"The poems within Sandra Feen's Meat and Bone offer an emotionally impactful and brutally honest personal portrayal of the beginning, middle, and end of a short romantic relationship, that quickly shifted from marriage to separation to divorce, as wll as the emotional and mental in-betweens and the attempts to understand the details of what broke it into pieces. Sometimes very sad, sometimes unsettling, occasionally darkly humorous, always uniquely well-written, these story-like poems explore the quick excitement of a new romantic experience, quickly followed by embarrassment, disappointment, and pain as it dissolves shortly after it started."

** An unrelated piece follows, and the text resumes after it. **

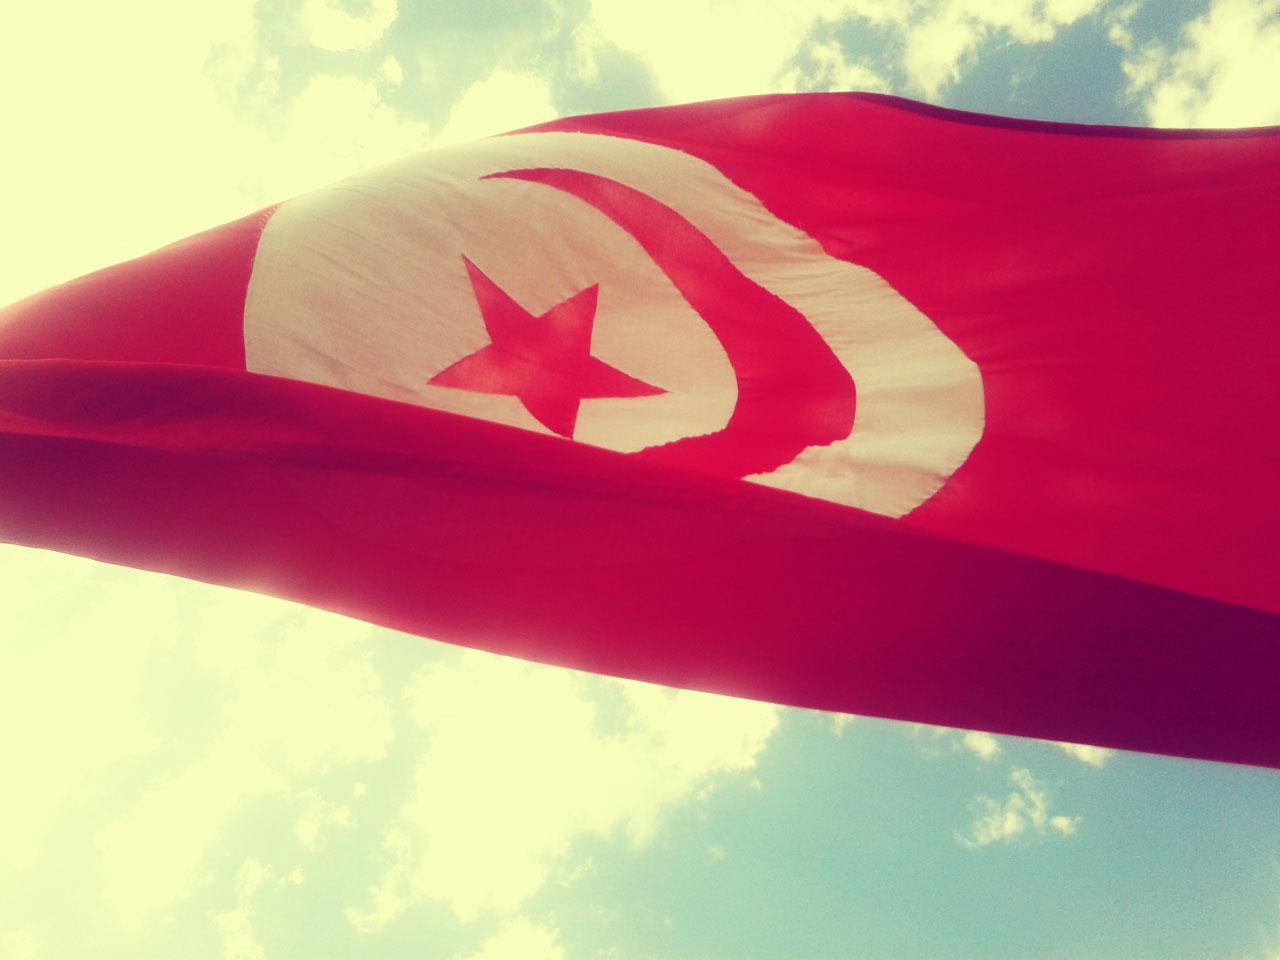 Solidarité avec Habib Kazdaghli

- Juliet Cook, author of Another Set of Ripped-Out Bloody Pigtails
Sandra Feen was the Ohio Beat Poet Laureate from 2022–2024. She is a former associate editor of Pudding Magazine, and currently works as an independent poetry and urban fiction editor. A member of the poetry troupe Concrete Wink, she has also been a featured reader in and out of Ohio. She has a BFA in Creative Writing and a BS in English Education from Bowling Green State University, and an MA in Literature from Wright State University. She was one of twelve teachers selected for the National Endowment of the Arts' first "Change Course" program, through W.S.U.'s Institute on Writing and Its Teaching. Publications include in Poetry Motel, Elastic Ekphrastic, and The Pudding House Gang. Her work has been commissioned as part of Thin Places: Poetry and Art Exhibits and Installations at Columbus, Ohio's Jung Haus, and for the Cap City Poets: Columbus and Central Ohio's Best Known, Read, and Requested Poets anthology. She lives in Grove City, Ohio.
Meat and Bone by Sandra Feen is a deeply personal volume of her narrative poetry, filled with perfect words of courtship, marriage, divorce, and estrangement. I was moved by her portrayal of the dissolution of a love that was supposed to last a lifetime, of the callousness of others, of the unjust judgments of strangers, and finally the tale of the only closure possible for this doomed love affair.
She has a knack for picking perfect moments as metaphor, such as the poem about the luggage lost during their vacation together, "Lost Suitcase":
Who might be more curious--someone opening a treasure chest from the other side of the world,
or we, finding abandoned love on our doorsteps? Maybe the suitcase still wanders, a vagabond, its lock suffocating old promise
just like a firefly caught in a clear plastic container. The next morning the light, gone.